Work required:
Copy the data that follows exactly as it is, excluding all pictures.

Recorded information:
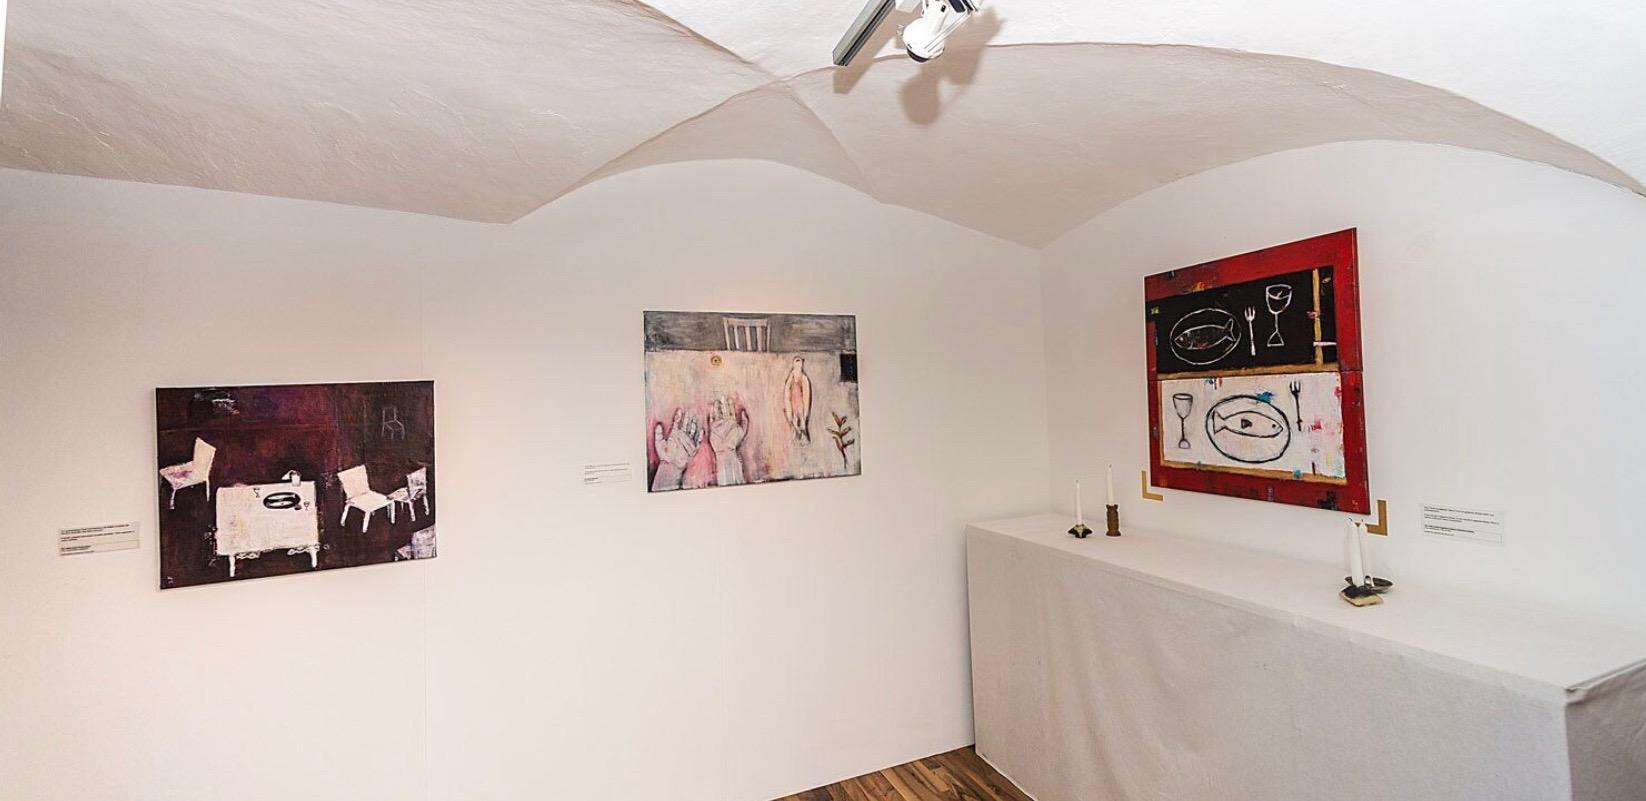 10 - Exhibition Gallery Hofburg 10/2017 1
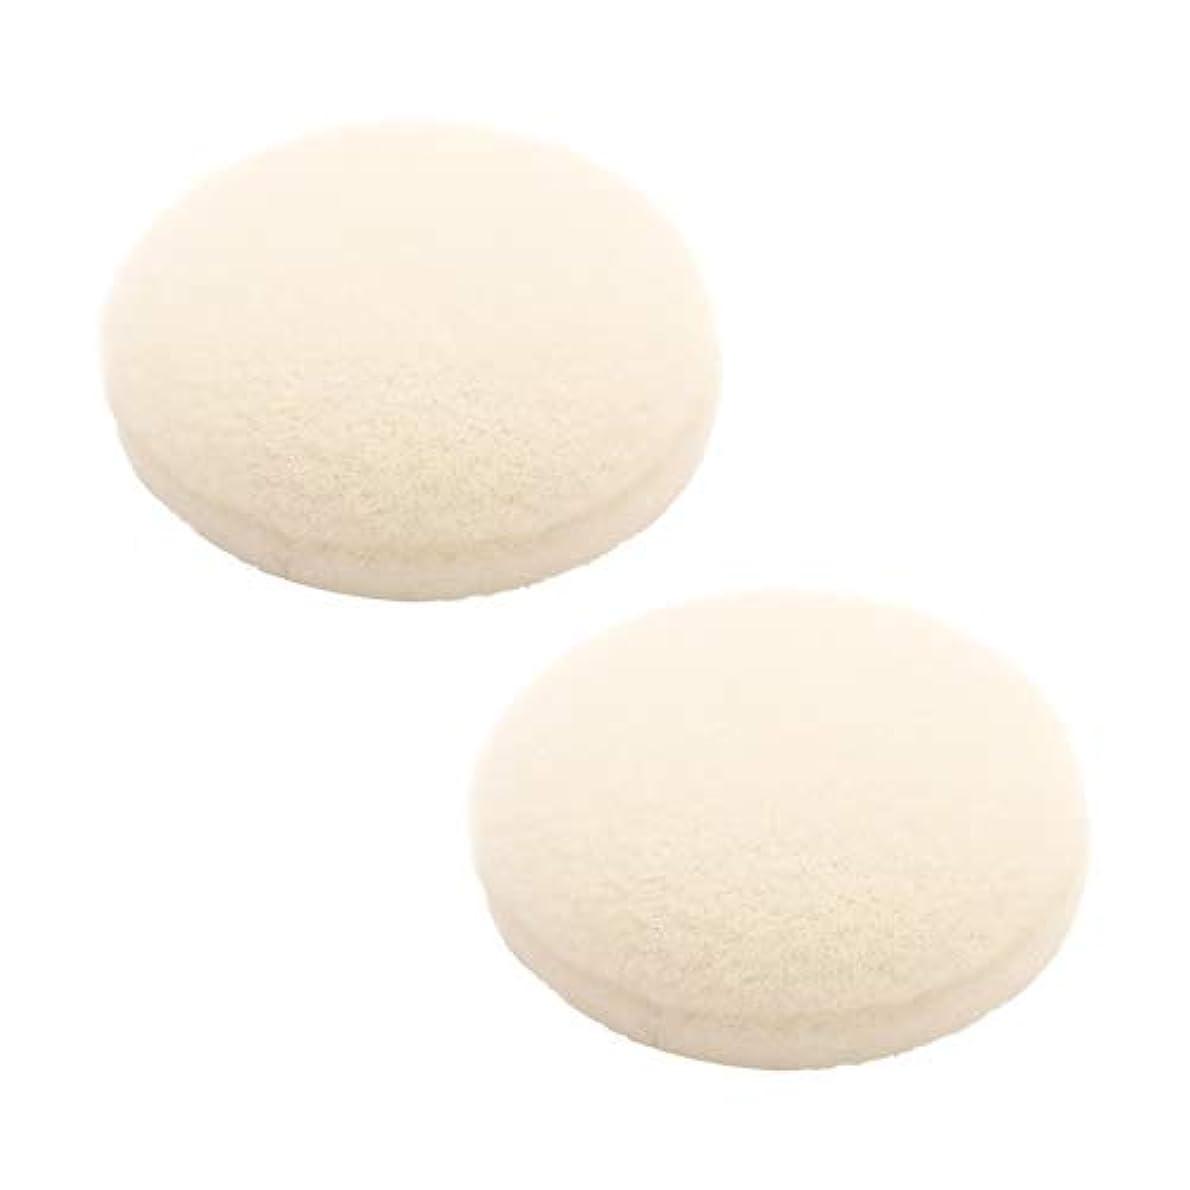 患者大佐調べるETVOS(エトヴォス) ポンポンミネラルチーク専用替えパフ(2枚セット) 直径3.5cm 洗い替え 綿ビロード(綿天)
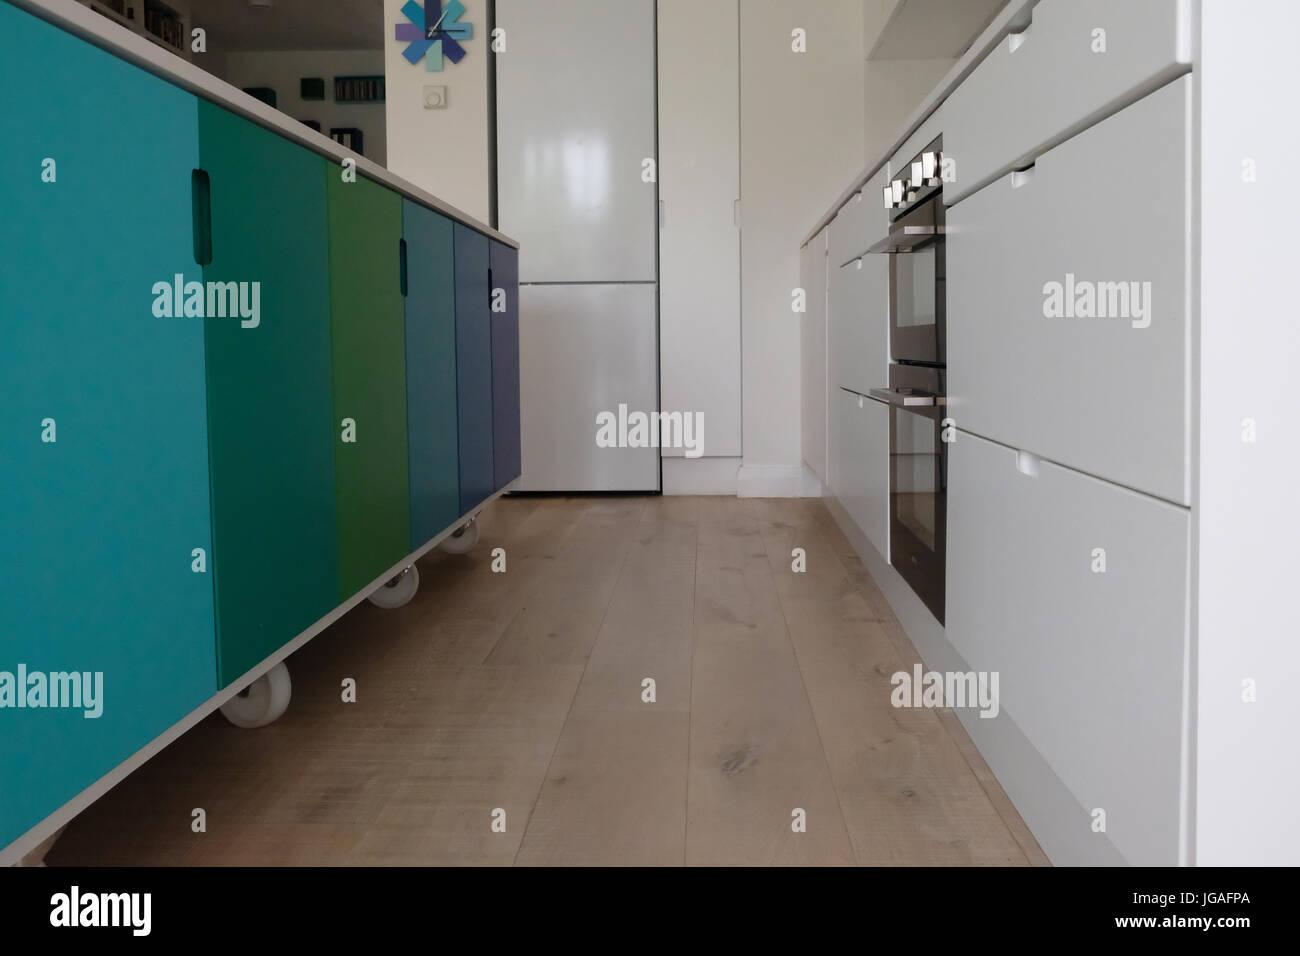 Bewegliche Küche Insel auf Rollen Stockfoto, Bild: 147749346 - Alamy
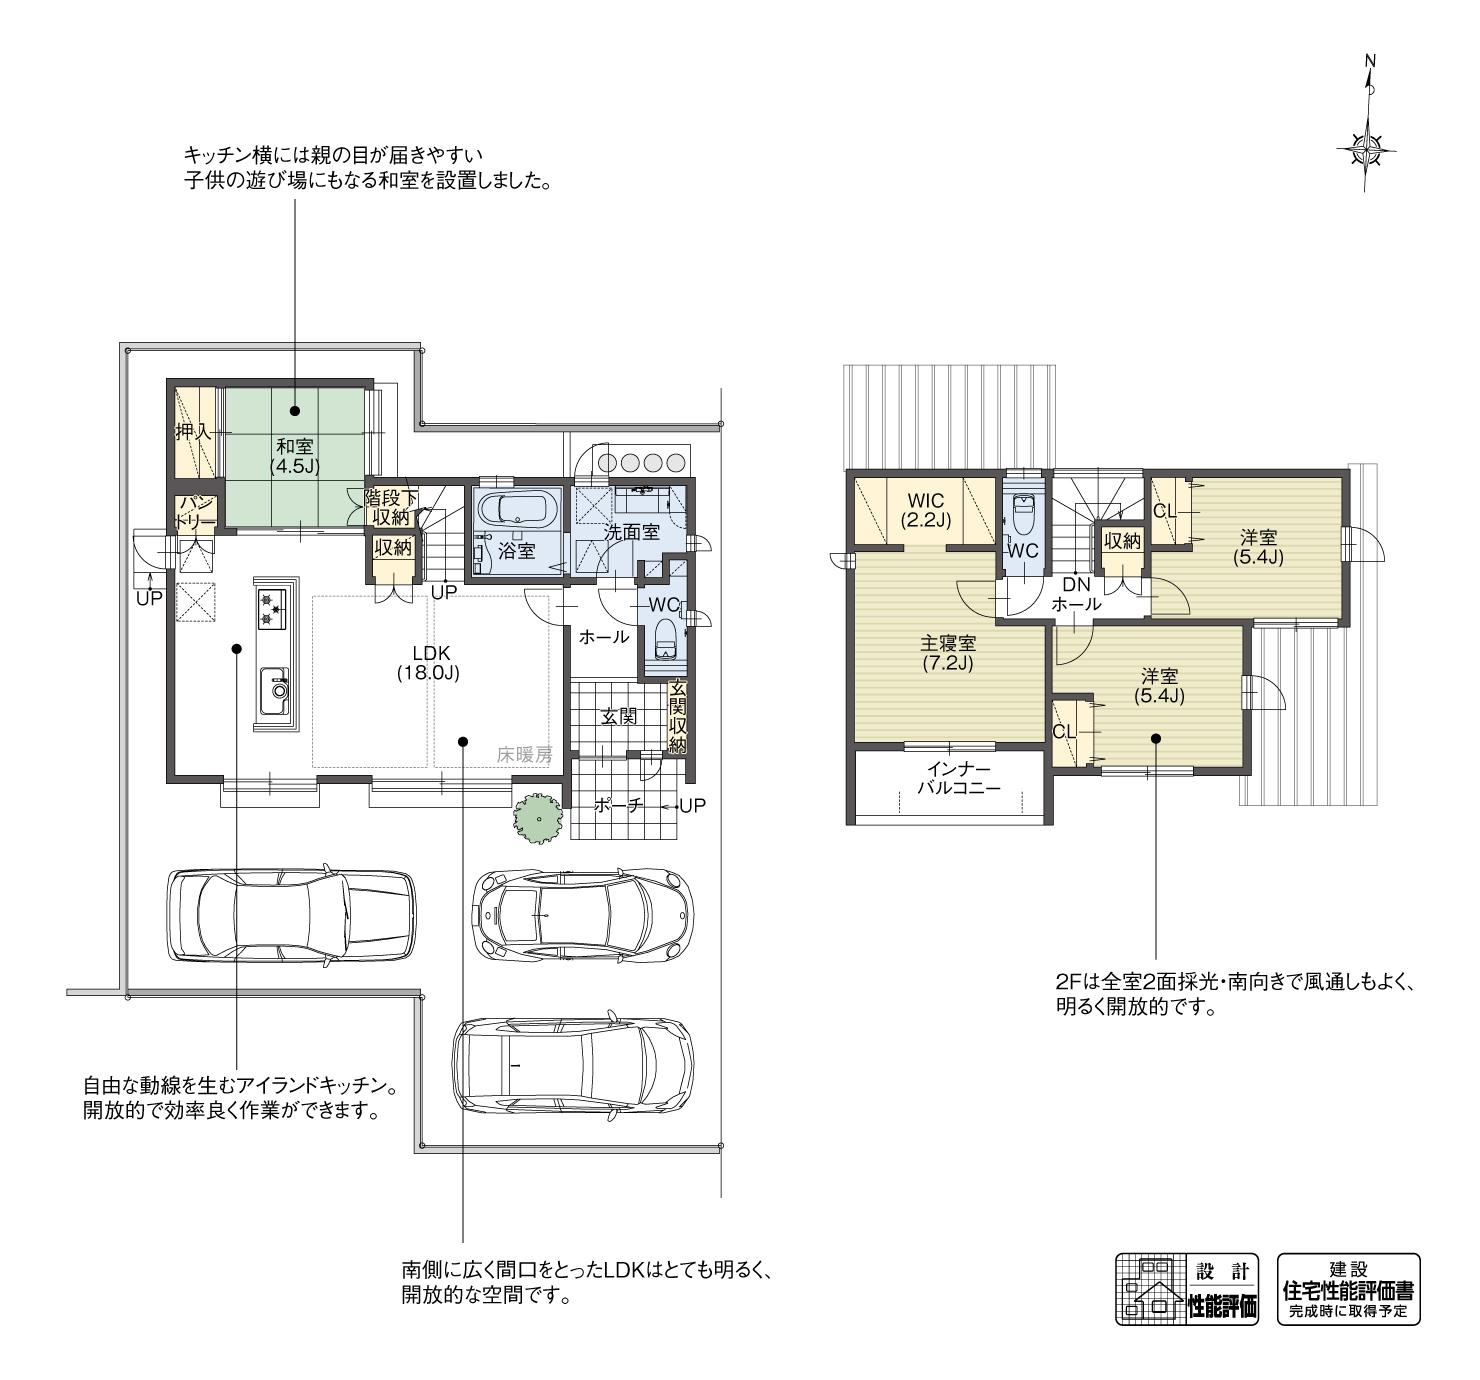 5_間取図_plan5_豊田市桝塚西町

Answer to the problem:
 10 - Exhibition Gallery Hofburg 10/2017 1
 患者大佐調べるETVOS(エトヴォス) ポンポンミネラルチーク専用替えパフ(2枚セット) 直径3.5cm 洗い替え 綿ビロード(綿天)
 Bewegliche Küche Insel auf Rollen Stockfoto, Bild: 147749346 - Alamy
 5_間取図_plan5_豊田市桝塚西町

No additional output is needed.